What is needed: Only one stretch of the data should be retyped: the lines from the line containing "a lot of gold" through the line containing "Close up of insect specimens". Keep pictures out of it.
BEGIN Input for this task
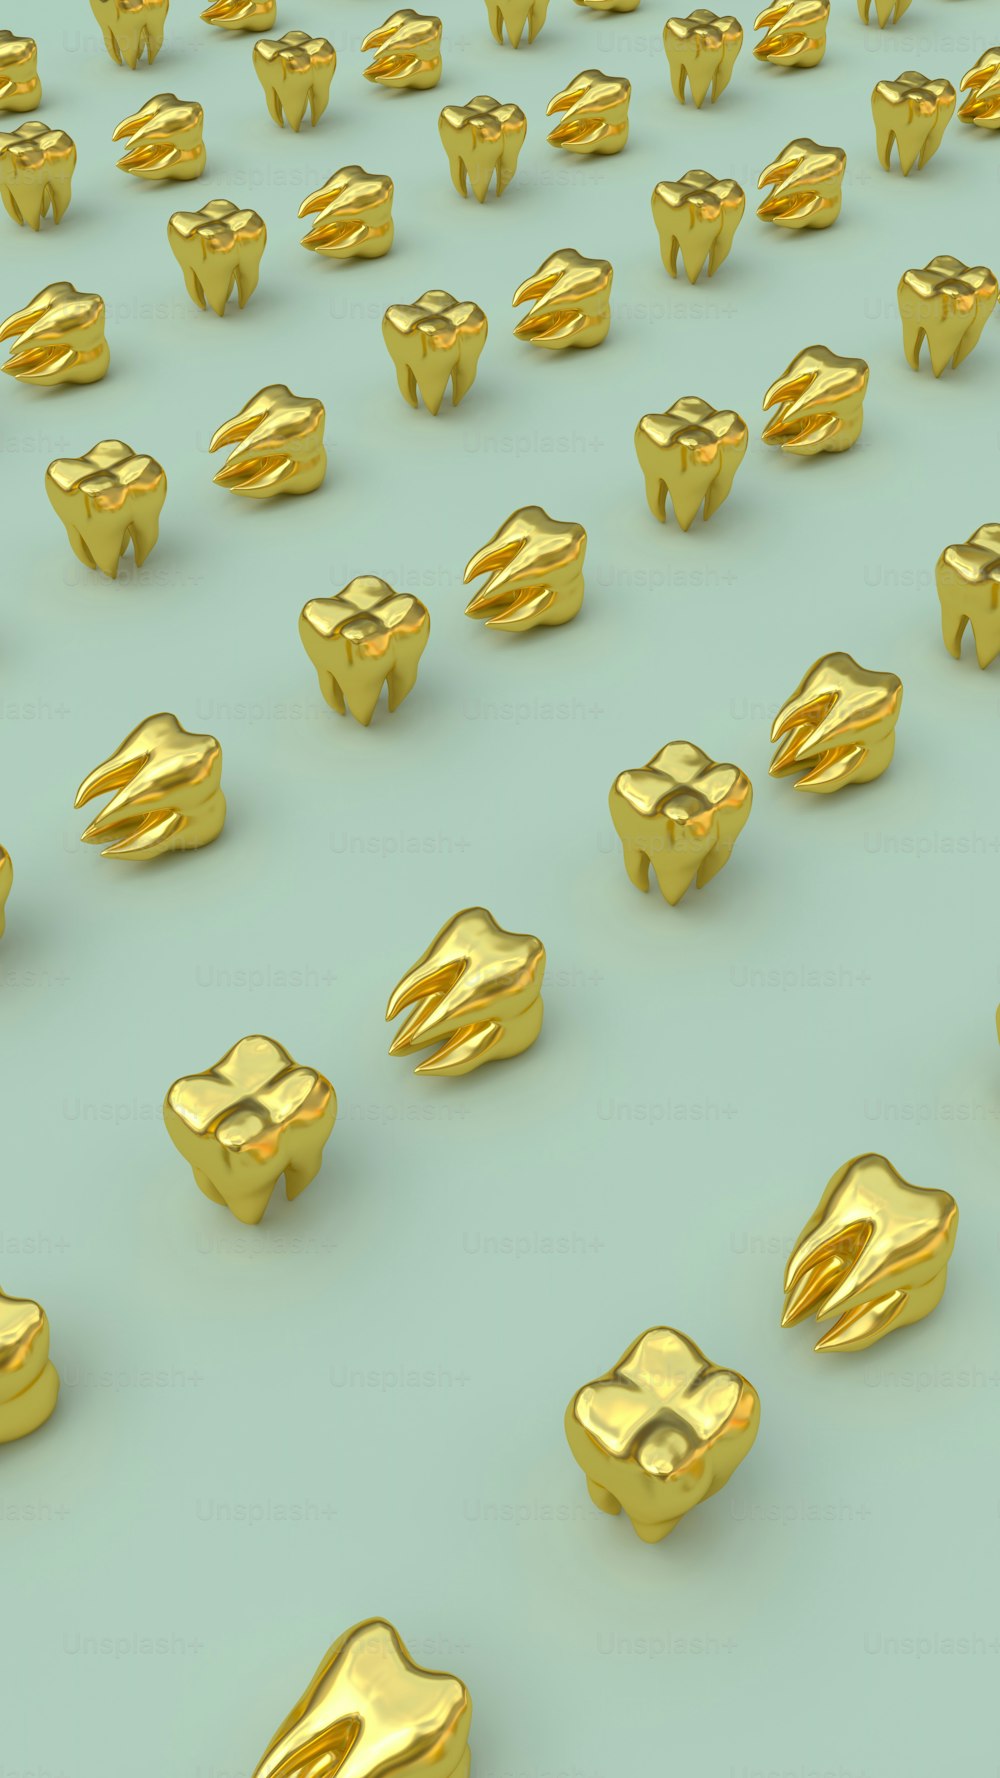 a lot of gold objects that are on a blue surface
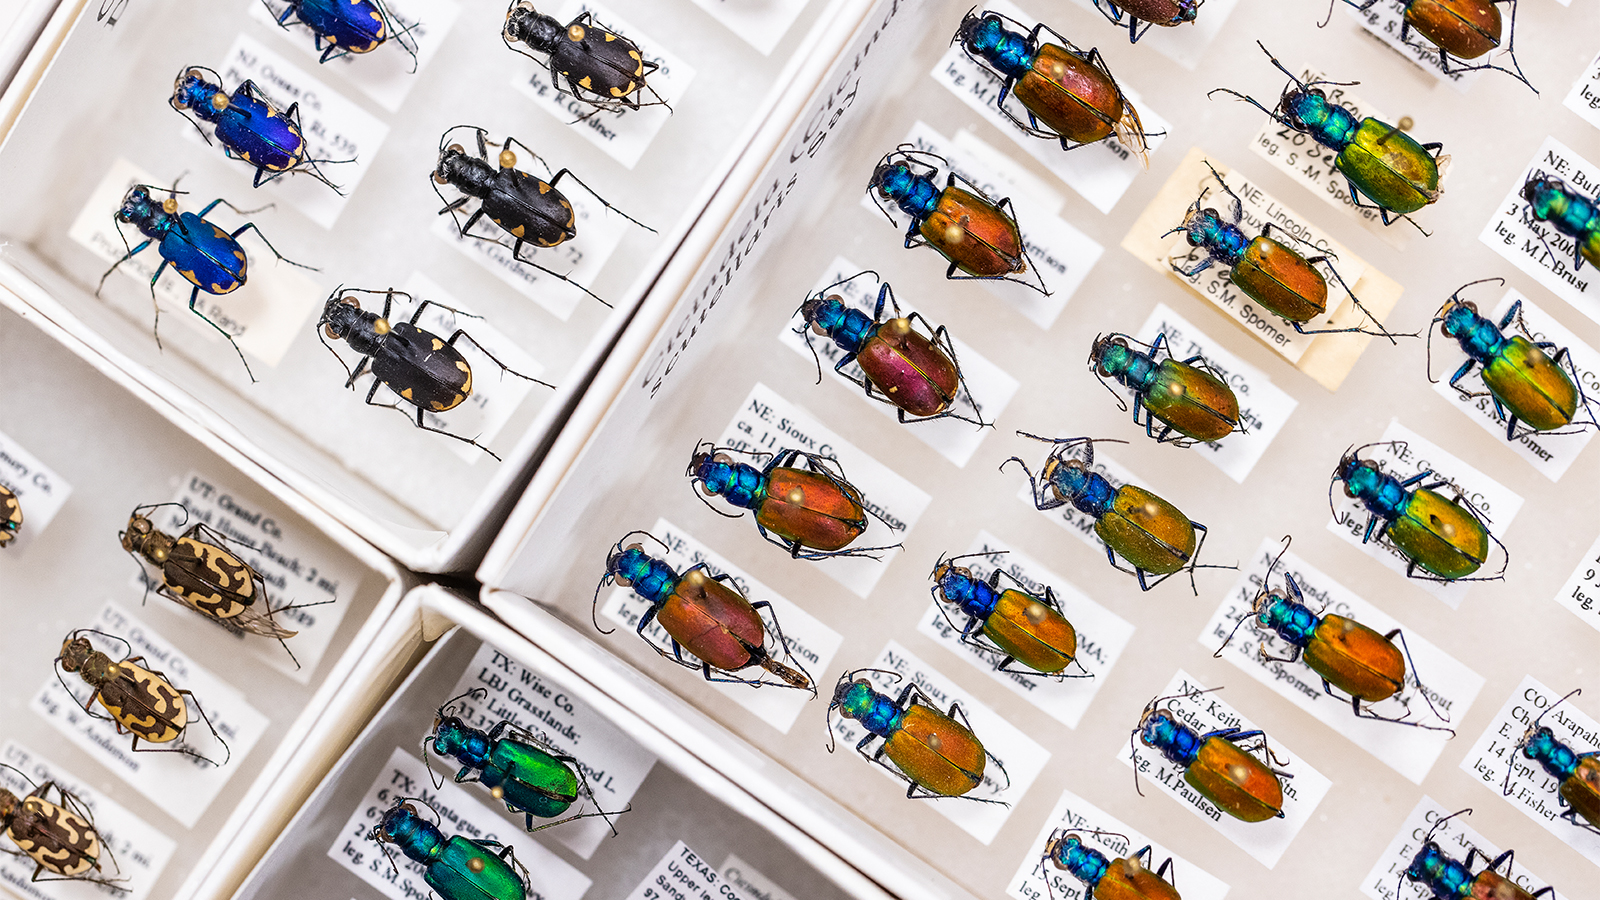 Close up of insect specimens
END Input for this task
BEGIN Input for this task
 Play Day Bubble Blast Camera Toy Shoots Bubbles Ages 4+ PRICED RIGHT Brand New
END Input for this task
Response area:
 a lot of gold objects that are on a blue surface
 Close up of insect specimens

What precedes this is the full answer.